Hello,
I am hoping to use maker on a small cluster (~6 compute nodes) to annotate a fairly fragmented de novo assembly that has some longer contigs. We have maker installed, but so far even though every program runs, RepeatMasker seems to be the only program finding matches. Namely, blastx and exonerate don't find any alignment matches even though they seem to be set up correctly in the maker control file.

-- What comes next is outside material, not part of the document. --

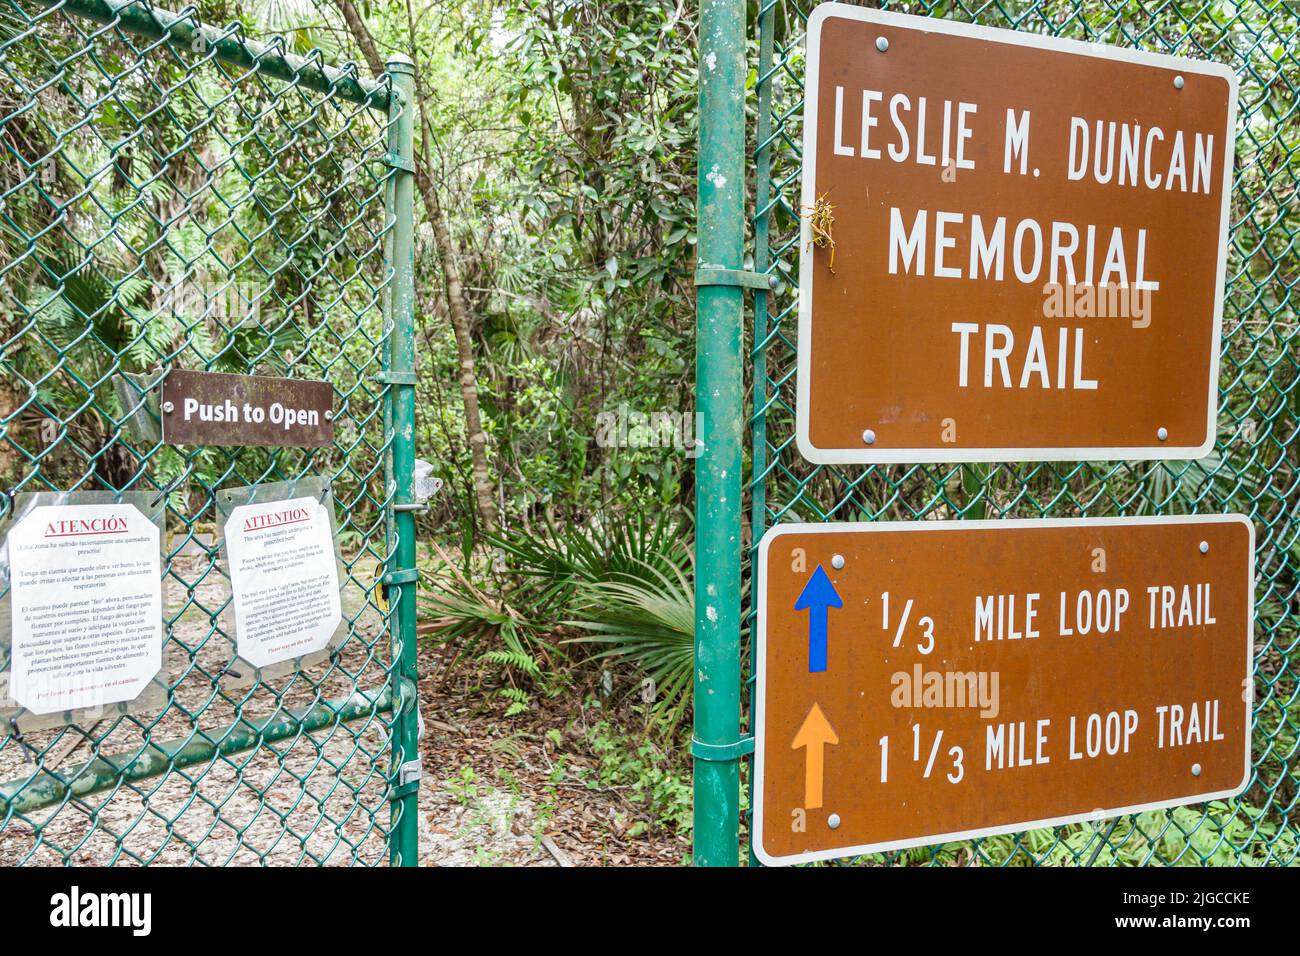 Naples Florida Everglades,Florida Panther National Wildlife refuge Leslie M. Duncan Memorial Trail porte fermée Banque D'Images

What I was wondering was whether this is an artifact of the fragmented assembly or some sort of setup error? I find the former hard to believe considering I got at least 2-3 blast hits for each longer contig in the entire assembly using galaxy megablast. I think the error lies in the fact that I get 0 hits, but I am not sure why:
Widget::blastx:
/usr/bin/blastx -db /tmp/maker_sHnU1b/chickenproteomeuniprot%2Efasta.mpi.10.9 -query /tmp/maker_sHnU1b/0/scaffold_1035.0 -num_alignments 10000 -num_descriptions 10000 -evalue 1e-06 -dbsize 300 -searchsp 500000000 -num_threads 1 -seg yes -soft_masking true -lcase_masking -show_gis -out /home/zgayk/MakerExample2/Gaviaimmerheader.maker.output/Gaviaimmerheader_datastore/38/7C/scaffold_1035//theVoid.scaffold_1035/0/scaffold_1035.0.chickenproteomeuniprot%2Efasta.blastx.temp_dir/chickenproteomeuniprot%2Efasta.mpi.10.9.blastx
#-------------------------------#
deleted:0 hits
collecting blastx reports
flattening protein clusters
prepare section files
processing the chunk divide
preparing evidence clusters for annotations
Preparing evidence for hint based annotation
clustering transcripts into genes for annotations
Processing transcripts into genes
choosing best annotation set
Choosing best annotations
processing chunk output
processing contig output
examining contents of the fasta file and run log
Essentially each .gff file produced for each contig is empty. If anyone knew how to fix this, I would be very appreciative.
Zach Gayk
Could you tell us
- What is your N50 ?
- What did you fill for the min_contig parameter in the maker_opts.ctl ?
- What kind of proteins (database ?) do you try to align on your genome ?
- Which kind of genome do you try to annotate ? Bird ? Fungi ?
As specified in the "maker_opts.ctl", under 10kb try to annotate a sequence is often useless.